Top of Input data

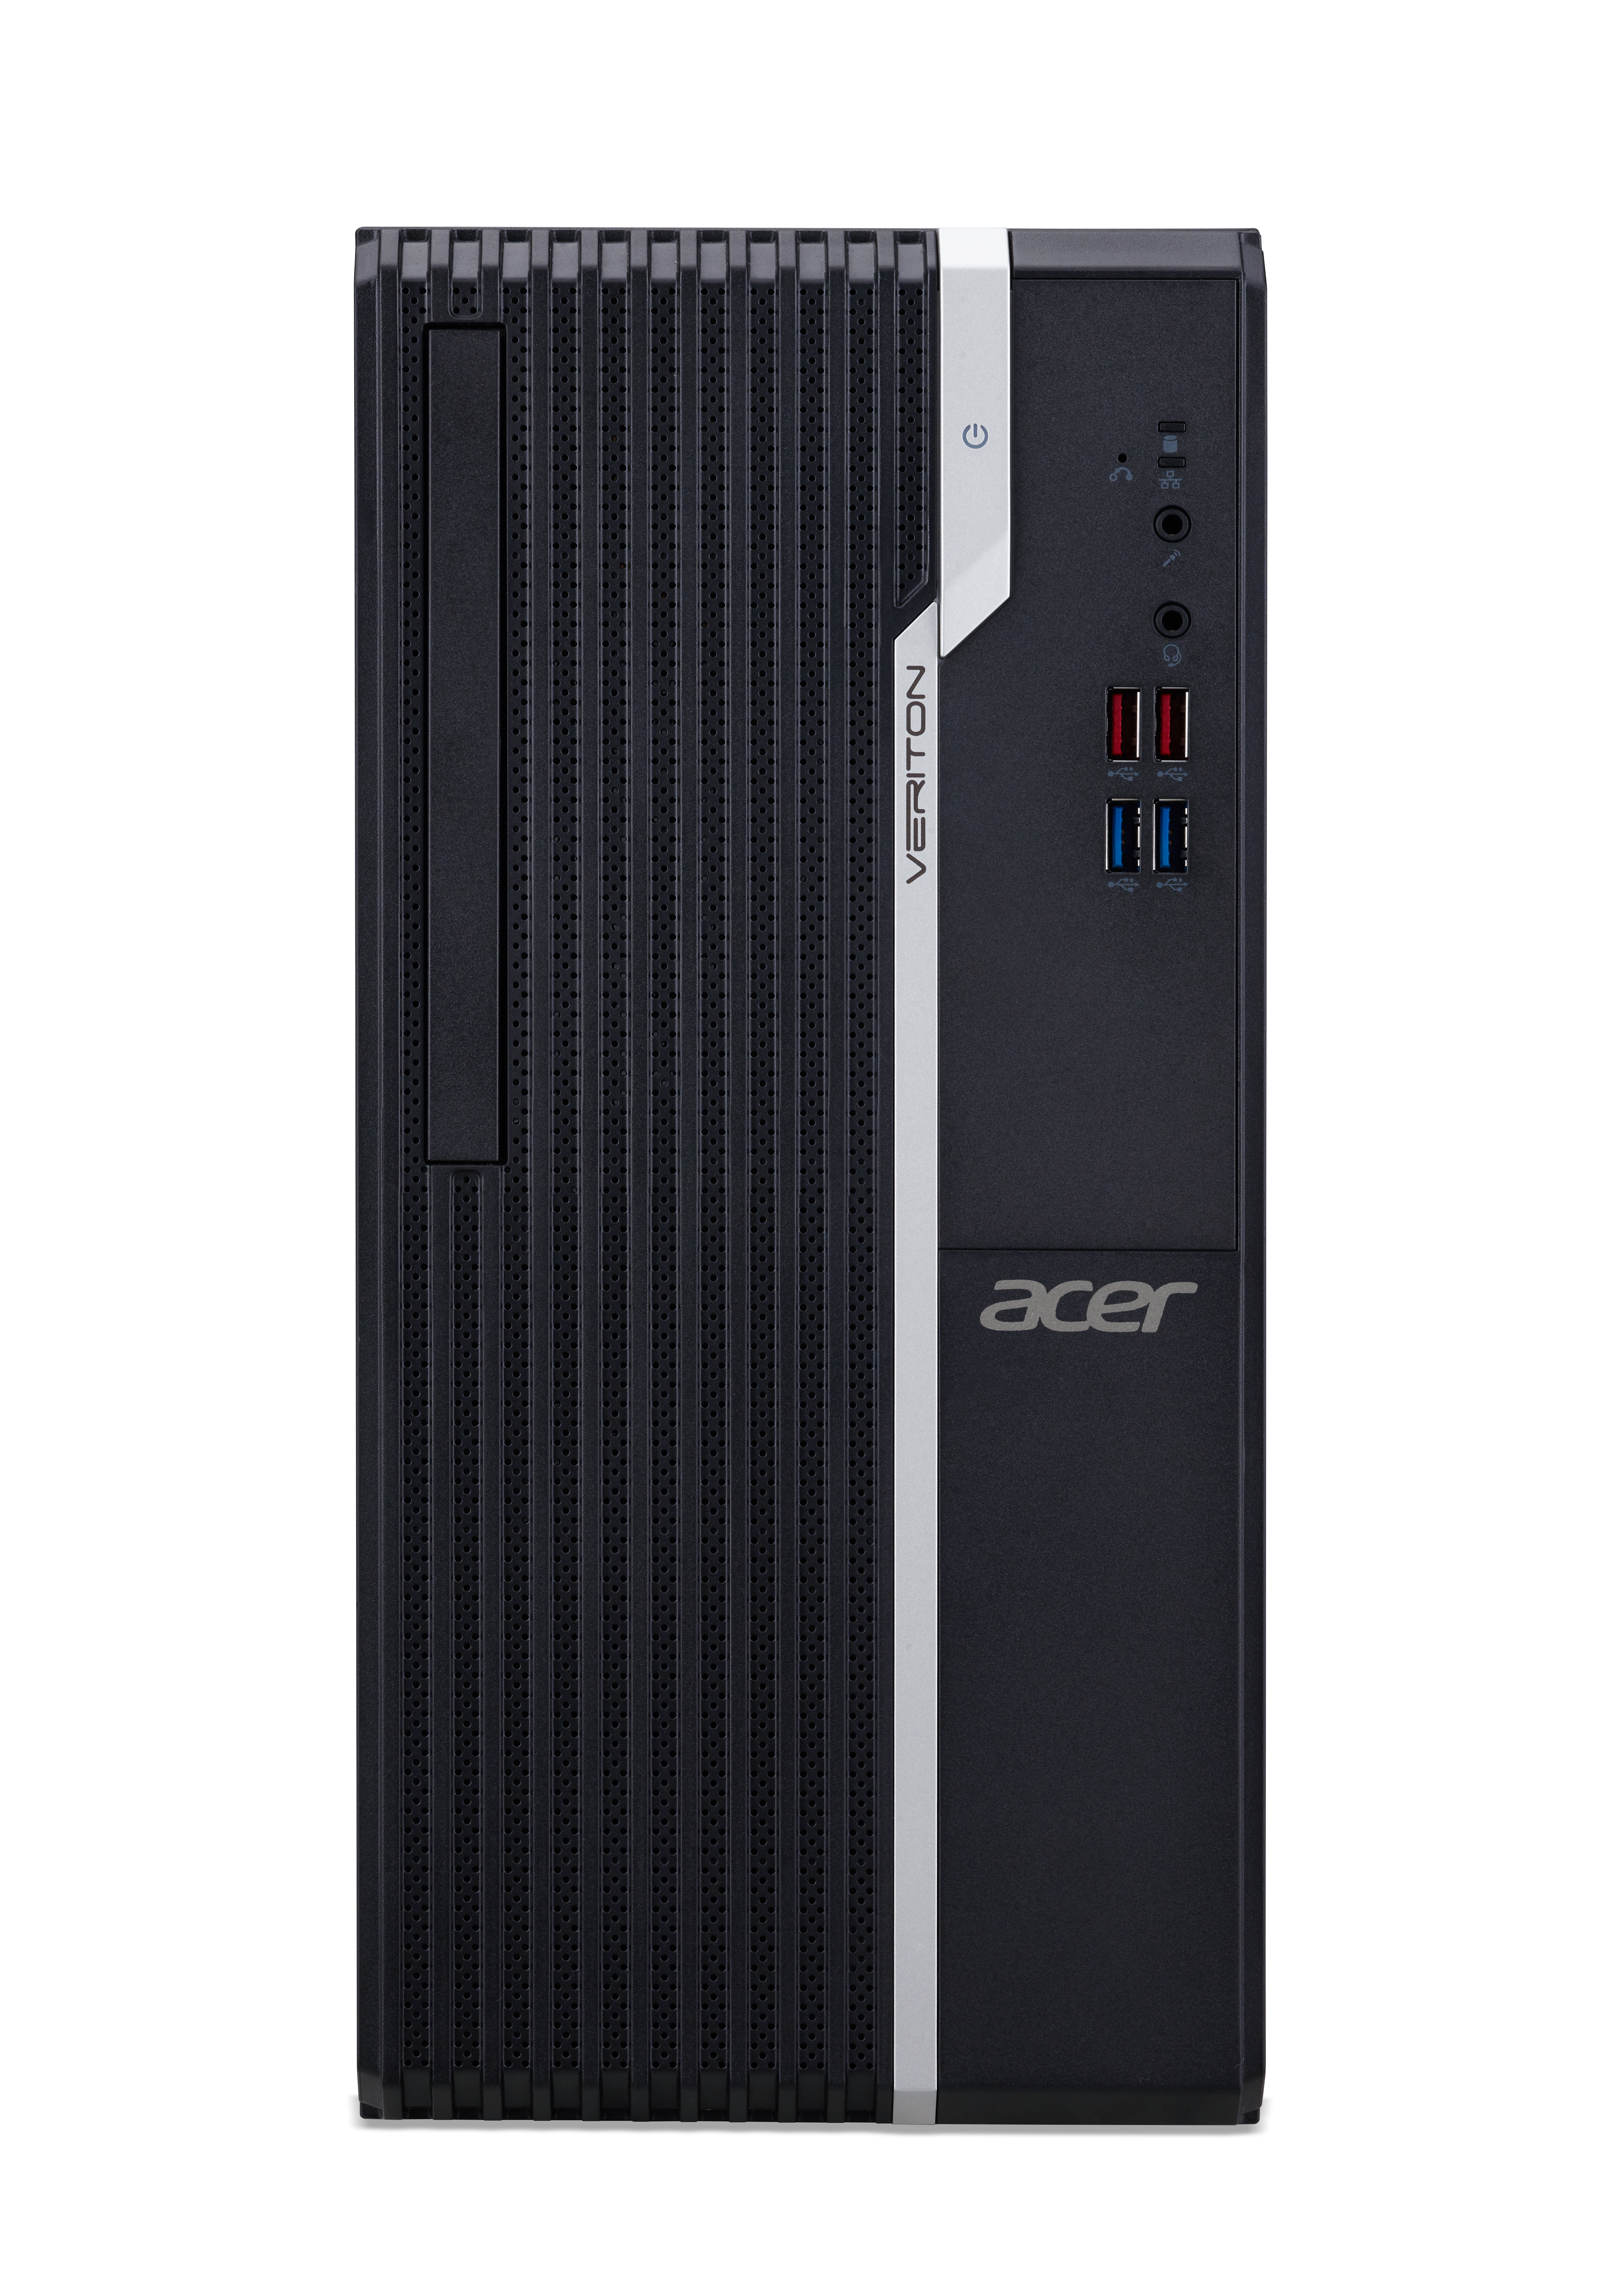 Acer Veriton S2680G DDR4-SDRAM i7-11700 Desktop Intel Core? i7 8 GB 512 GB SSD Windows 10 Pro PC Nero
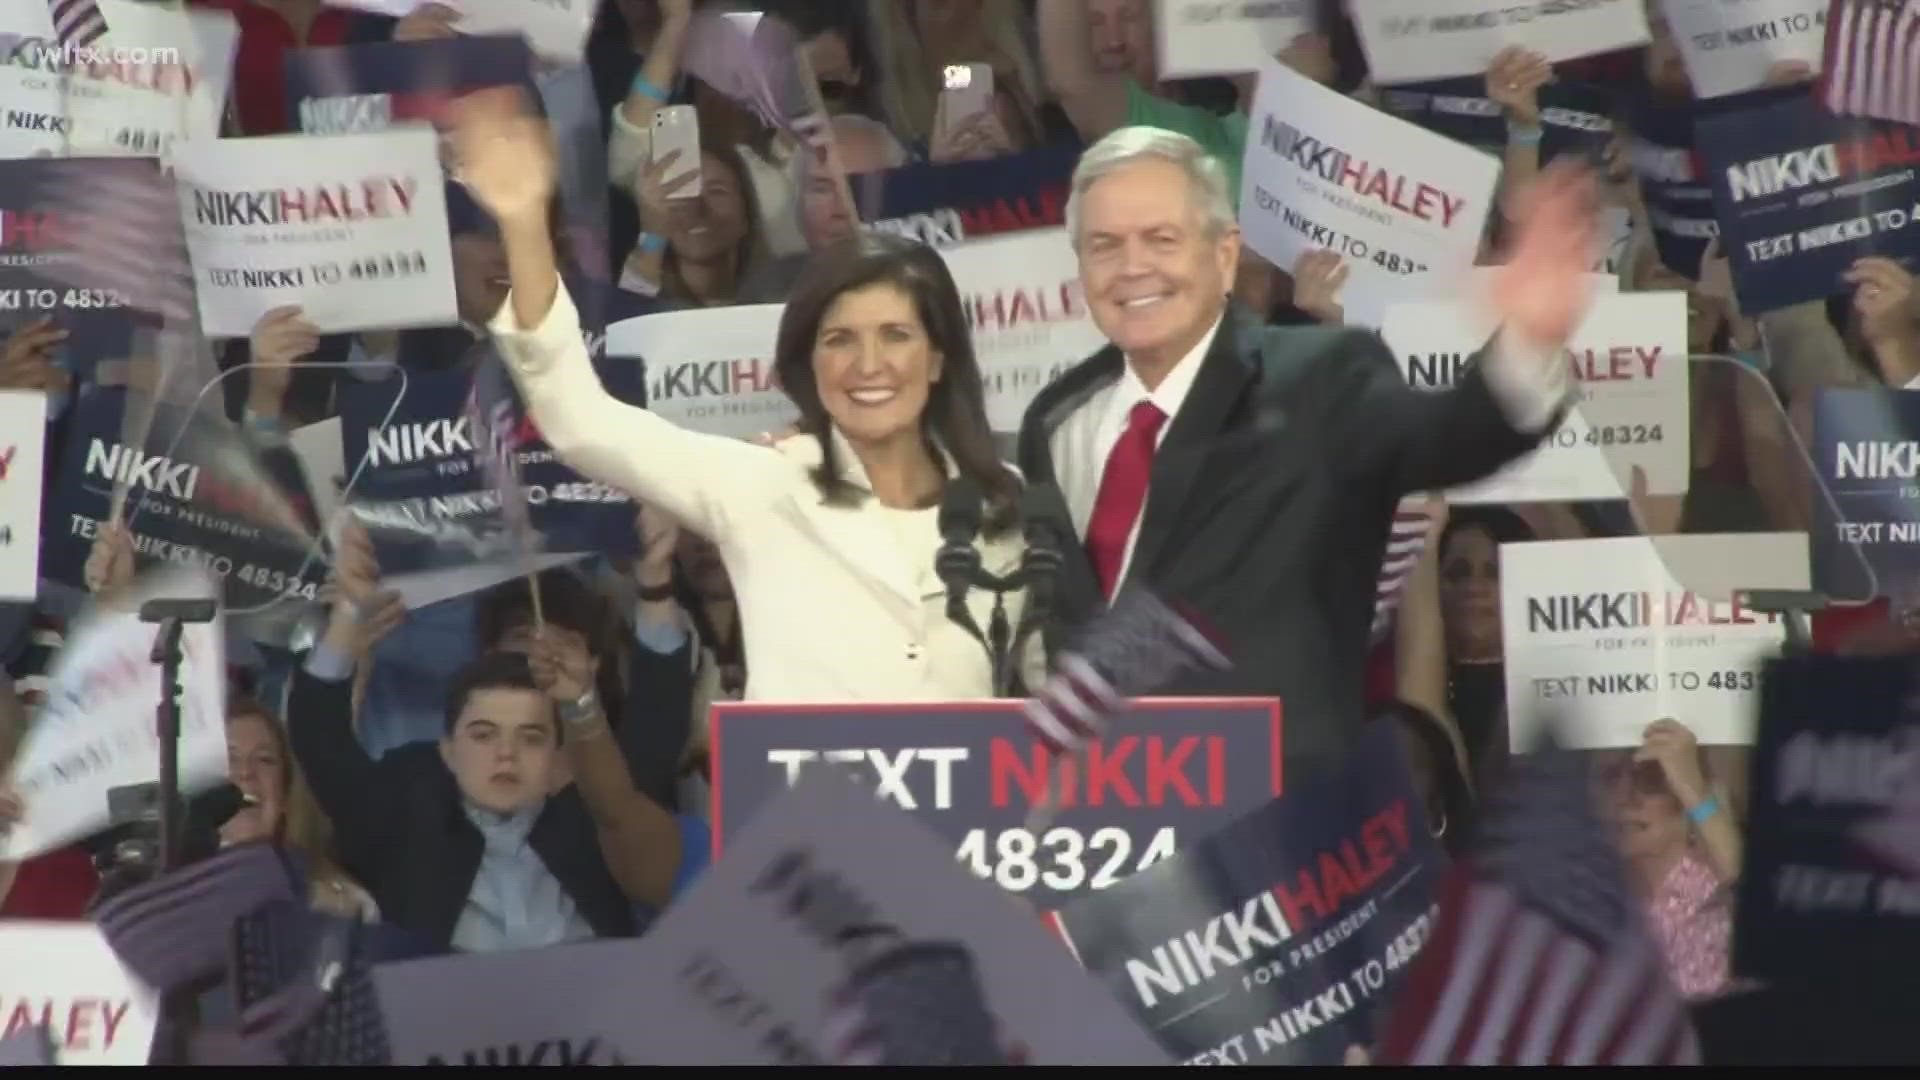 Former Gov. Nikki Haley kicked off her run for president today in Charleston.
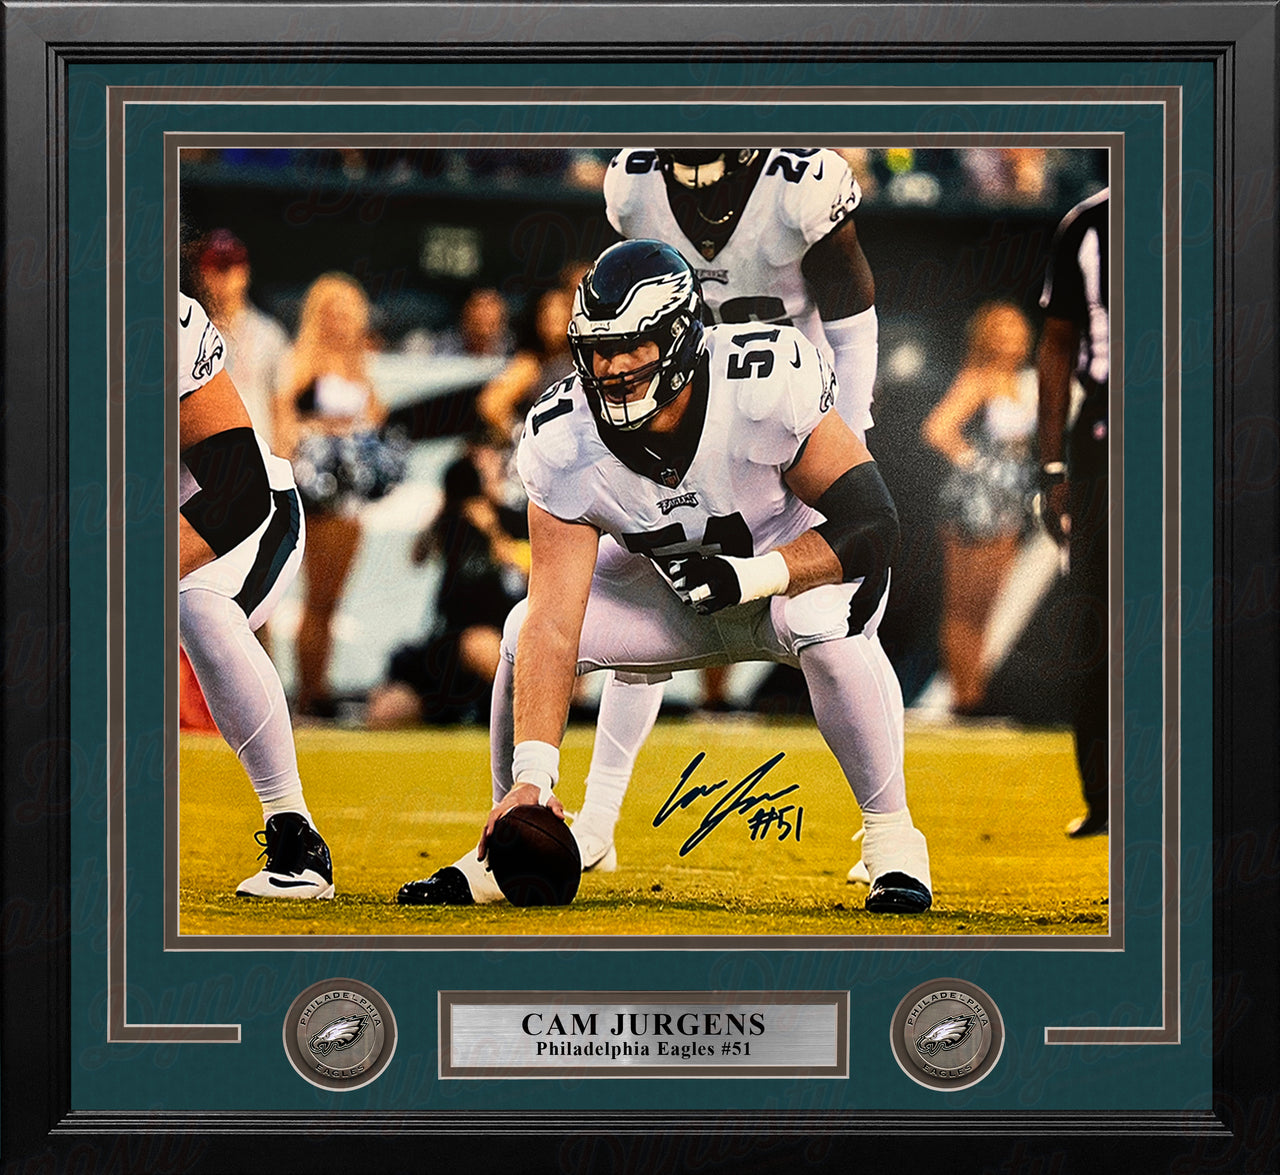 Cam Jurgens in Stance Philadelphia Eagles Autographed 11" x 14" Framed Football Photo - Dynasty Sports & Framing 
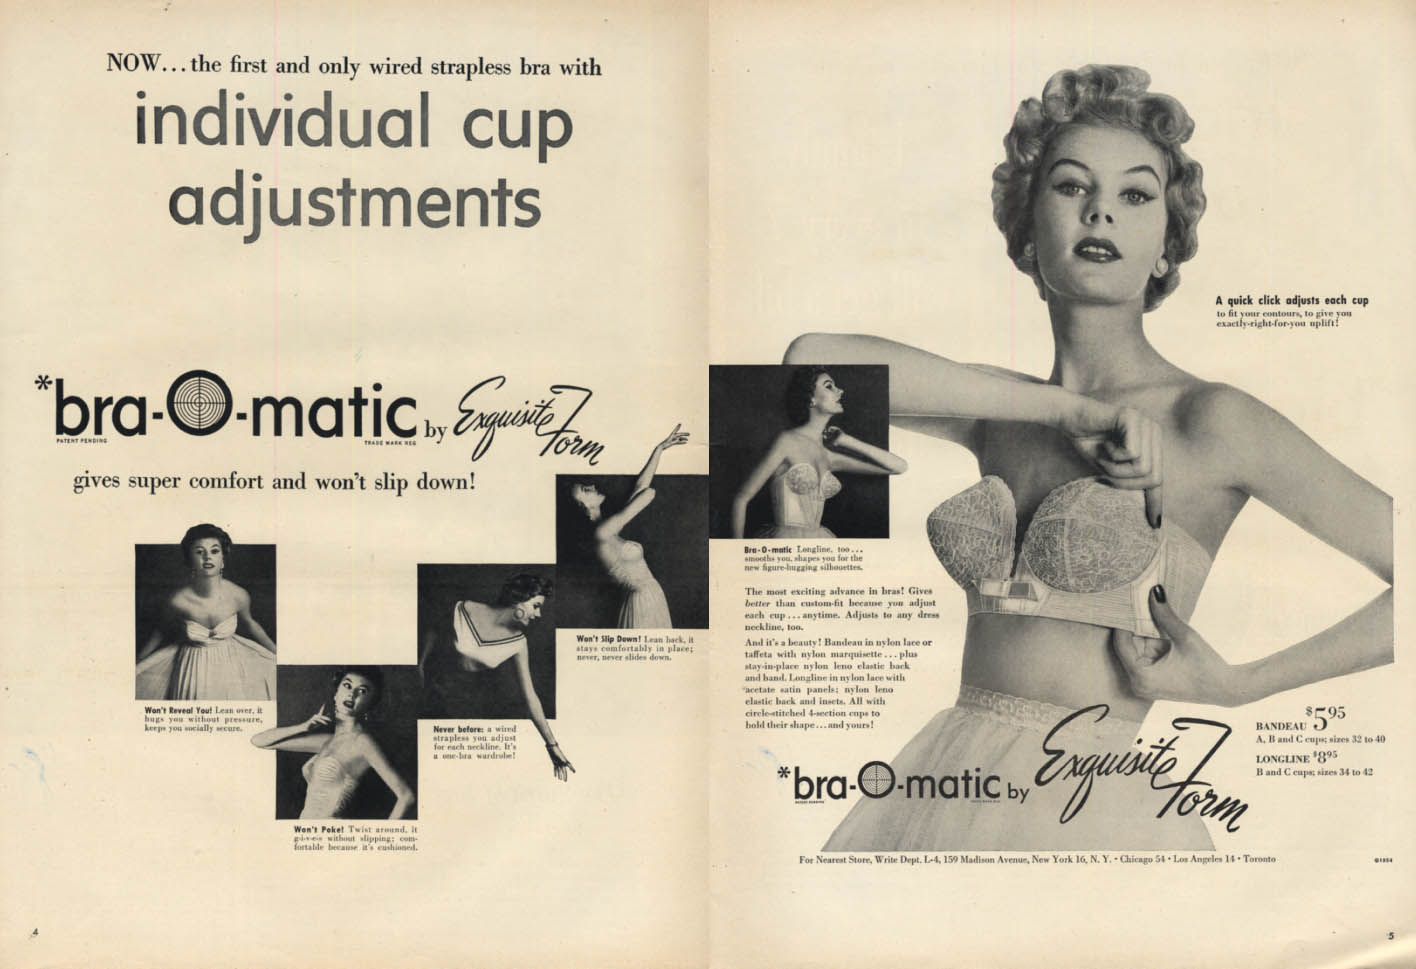 Bra-O-Matic Individual Cup Adjustments - Exquisite Form Bra ad 1954 L

Bottom of Input data

▸ **Assignment**: Your task is to retype exactly, and only, the lines from the one that holds "Former Gov. Nikki" through the end of the listing, both end lines included, without any pictures.

▸ **Output for this exercise**:
 Former Gov. Nikki Haley kicked off her run for president today in Charleston.
 Cam Jurgens in Stance Philadelphia Eagles Autographed 11" x 14" Framed Football Photo - Dynasty Sports & Framing 
 Bra-O-Matic Individual Cup Adjustments - Exquisite Form Bra ad 1954 L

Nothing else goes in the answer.